Unfortunately, the author spends this entire book breaking the cliched cardinal rule of writing -- show, don't tell. For example, we're told about the protagonist's murdered father and insane mother. We're _told_. We are never shown any flashbacks in which these people are alive and relating to the protagonist. We're just supposed to swallow the scenario whole, and believe in it, care about it, for the balance of the book.
The book's third-person-omniscient point of view doesn't help matters. At some point, we're inside the head of nearly every character in the book, being told things rather than being shown them. Sometimes we're in more than one character's head in a single scene. Sometimes we're inside the "head" of something like a knife or a headache -- more than once, I noticed the author personifying objects and sensations. There was a headache or a fever that "wanted" to split somebody's head in two, or something like that. Lots of window dressing, but very little meaning.

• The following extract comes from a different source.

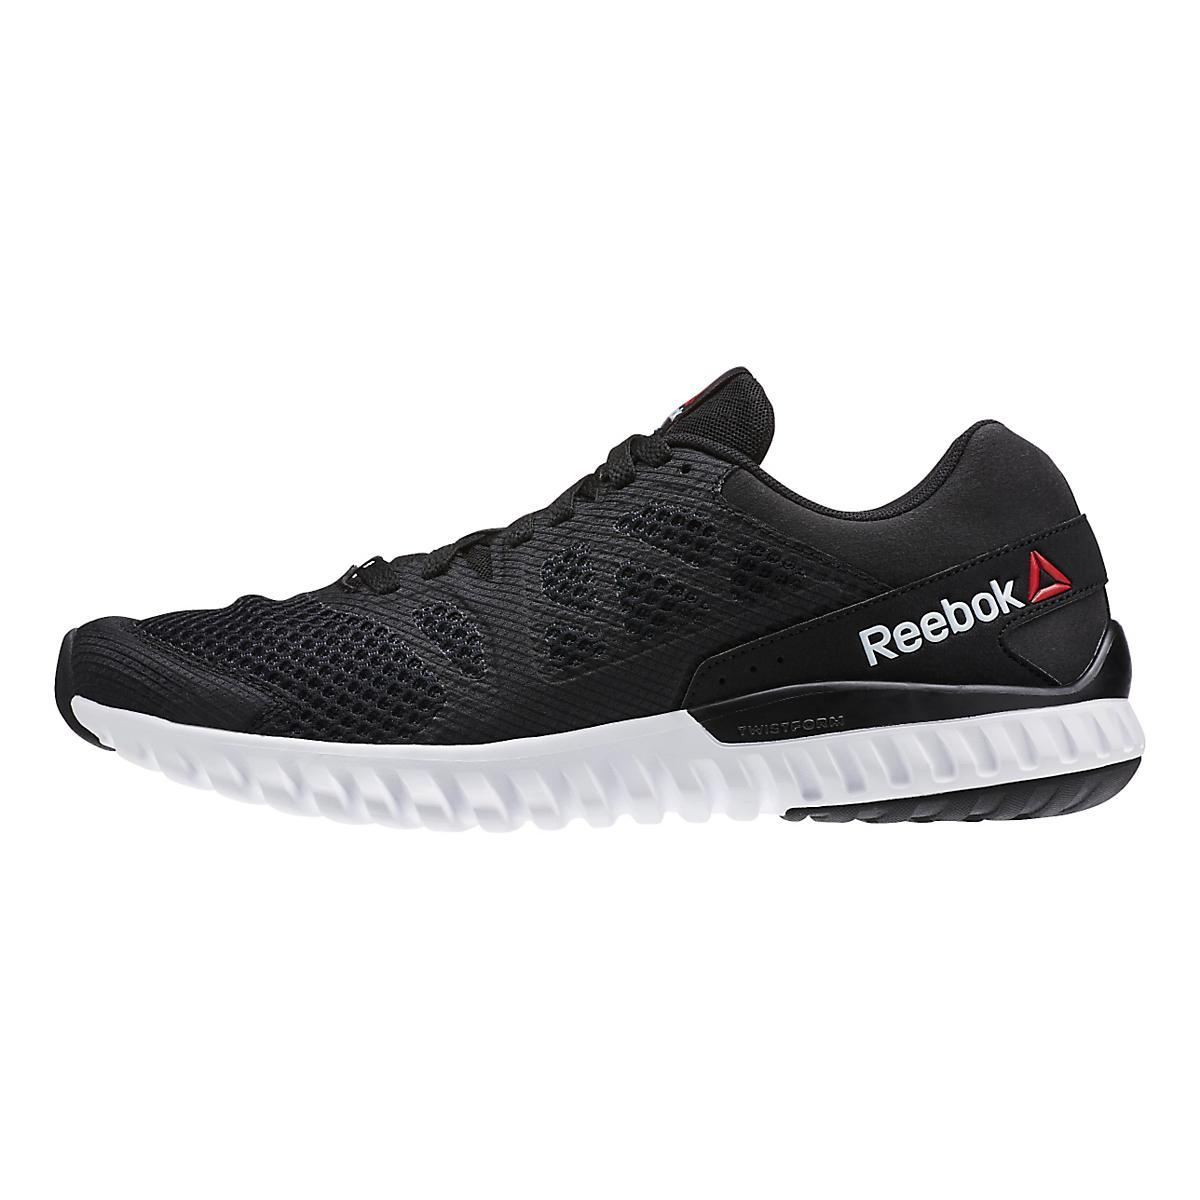 f788917aa91 Mens Reebok Twistform Blaze 2.0 MTM Running Shoe at Road Runner Sports

The book tells nearly everything and shows almost nothing, and despite the author's seeming desire to be explicit, the writing remains imprecise. For just one of many possible examples of the imprecision -- at one point, the author describes a young government official as wearing a uniformly "solemn" expression, but a couple of sentences later notes that his eyes are darting around the room, which doesn't seem very solemn at all. The book is full of this type of garbled observation.
The characters are flat and expository. The romantic male figure, Seb, is meant to be sensitive and caring but he comes off sappy. It seems like Seb's character is propped up to show the reader how businesslike and non-touchyfeely Marika, the protagonist, is. The two characters continually butt against one other and never engage in a way that seems believable. Even when they're at their most comfortable with one another, they speak in pronouncements about how much they care about each other. The famous journalist Marika pursues tells her the story of his murdered son's decomposition, and somehow that story is lacks immediacy, lacks horror. Also baffling were the fact that the famous journalist mentioned having told the decomposition story to native children who couldn't understand English, and the fact that the author includes almost nothing about Marika's reaction to hearing this story. It seems to have been included as pure exposition.
In addition to being flat, the characters were just plain implausible. I had a really hard time believing that the hardened journalist would confess to Marika that he'd promised himself he wouldn't care about anyone anymore (but, of course, he finds himself caring about _her_). Certainly not at the point in the book at which this happens. I also had a hard time believing that Marika, a professional journalist who regularly visits countries where women are second-class citizens or worse, would balk in such an ignorant manner at being made to go to a menstrual hut while having her period. Surely someone in that line of work would have some understanding of customs and superstitions that aren't in line with modern civilization.
The closest the book comes to creating a real character is with the character of Tobo the witch doctor. Tobo is dryly funny, foolish, superstitious, wise, fatalistic, and caring all at once. I found him to be the only likeable character in the book, and I was pleased that he had the last word.
But truthfully, I wouldn't pick up this book just for Tobo. The writing is very bland, and scenes that are meant to stir some emotion in the reader (including, unfortunately, the torture scenes) simply do not work. Nothing really happens in this book, which would have been something very different in the hands of a more dynamic writer.